A41E-3087:
Internal boundary layer devleopment over a salt pan: Measured and modelled dust emissions

Thursday, 18 December 2014
James King1, Giles Wiggs2, Karsten Haustein2, Frank D Eckardt3, David S G Thomas2 and Richard Washington2, (1)Indiana University Bloomington, Bloomington, IN, United States, (2)University of Oxford, Oxford, United Kingdom, (3)University of Cape Town, Cape Town, South Africa
Abstract:
A key component of a dust emission scheme is the threshold for sediment transport, which is a function of soil size distribution, soil moisture, air and soil particle density, and surface roughness. For a particular region or landform that is not vegetated the variable that controls the transport threshold the most is soil moisture. This is because it is assumed that the other components vary little (air and soil particle densities) or are kept constant (soil size distribution and surface roughness).

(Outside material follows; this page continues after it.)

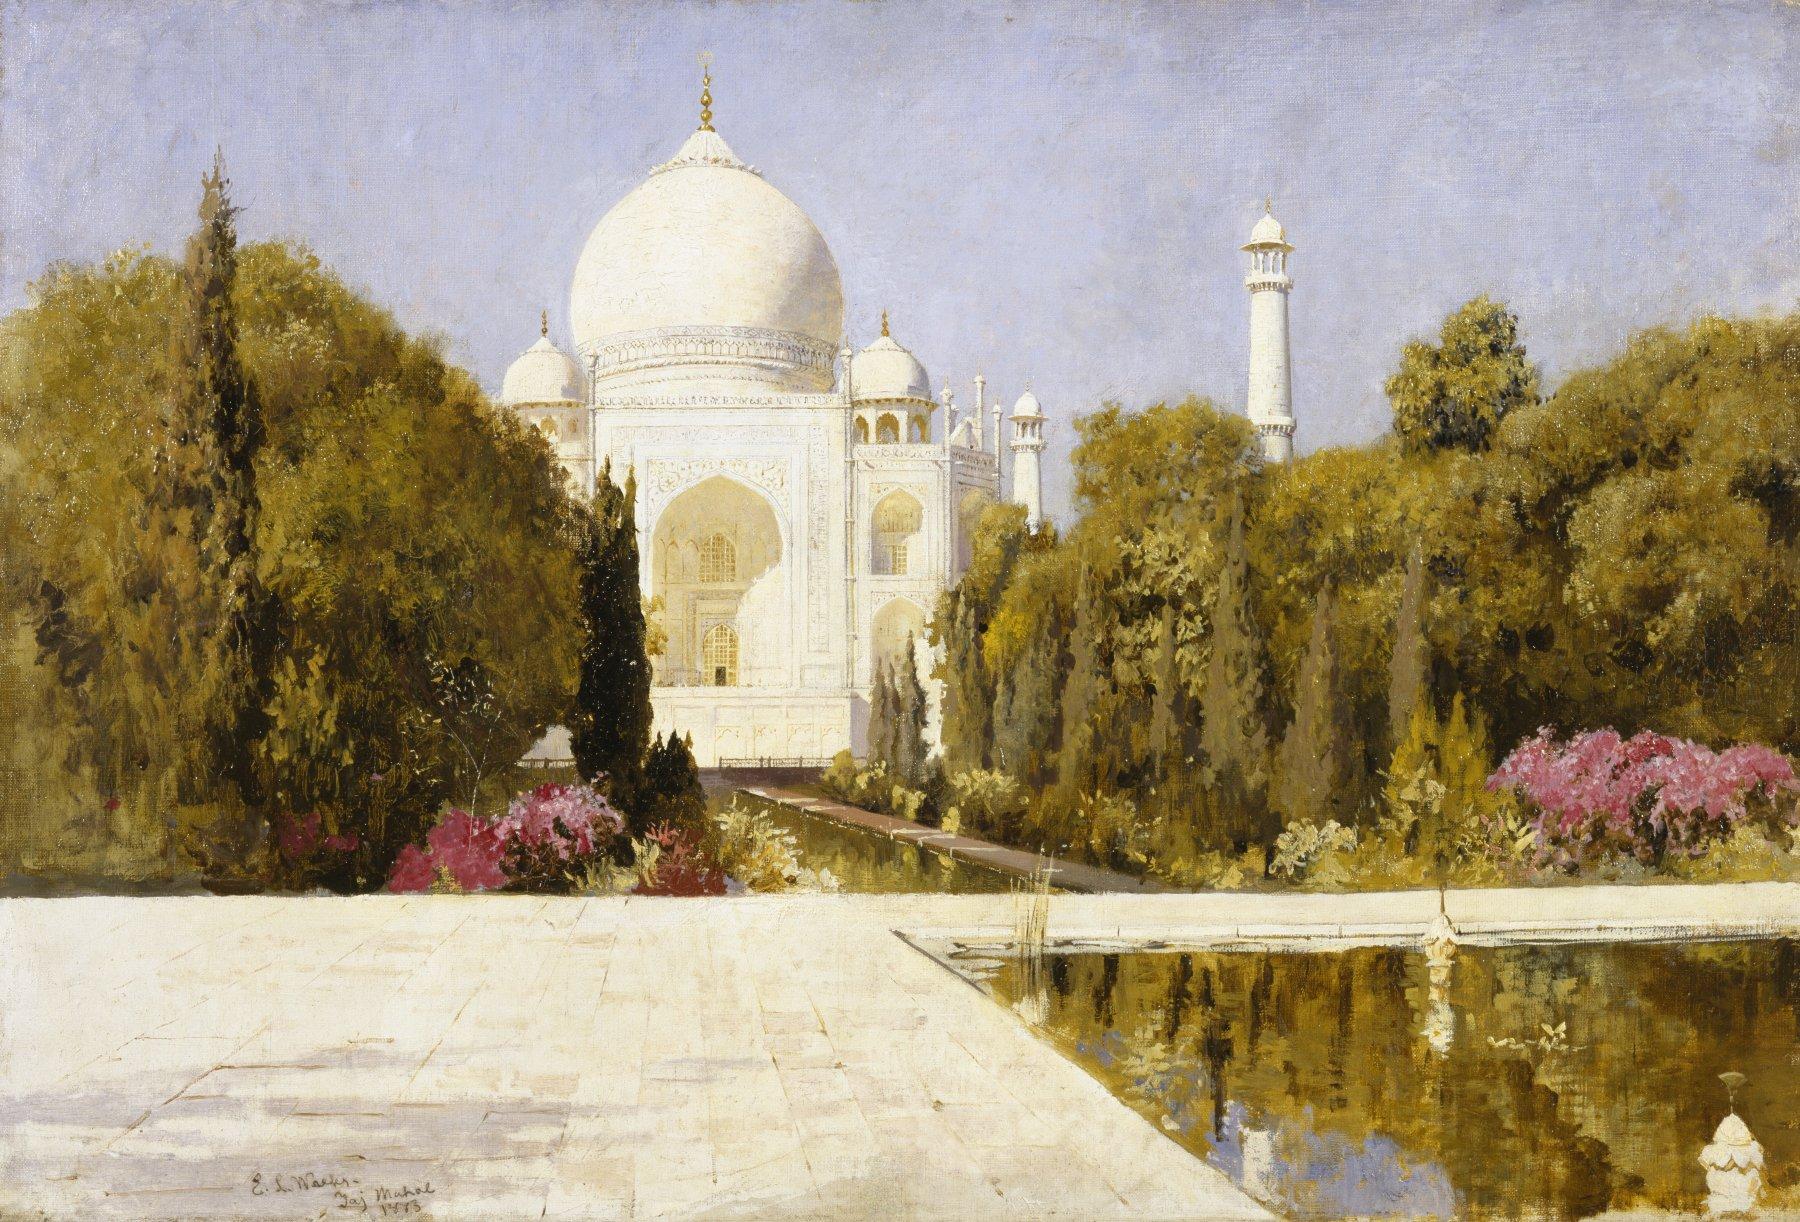 De l'Empire moghol

This puts the emphasis very heavily on soil moisture and wind stress as the key drivers of dust emission for specific landforms and dust emission schemes. Dust emission measurements were undertaken in 2011 on Sua Pan in Botswana, a large, flat, unvegetated salt pan, as part of the Dust Observation for Models (DO4 Models) campaign. The observations consisted of 11 climate stations placed within a 144 km2. Out of the measured and calculated erodibility parameters responsible for predicting transport threshold within current schemes, surface soil moisture and aerodynamic roughness length varied the most over the duration of the project and spatially across the pan. In 2011, the pan was drying from extensive flooding and rainfall in the previous wet season. Within the dry winter season months of June through September the dominantly eastern winds dried the pan developing a directional increase in aerodynamic roughness length over time. This cumulated in a region of maximum roughness length with the highest potential for dust emissions. In some cases, the aerodynamic roughness length of the bare soil increased by three orders of magnitude within the three month period. This increase in roughness almost doubles the modelled threshold shear velocity required for this surface to be emissive. The temporal and spatial variability of the calculated transport threshold is explored with observed data and compared with the modelled transport threshold for this region for the campaign duration. These results suggest that for dry saline lakes and other evaporite and unvegetated emissive surfaces the surface roughness changes dramatically from season to season and can have a direct effect on the soil surface emissivity. In conclusion, more research is needed to resolve the variation in spatial and temporal dust production within these landform.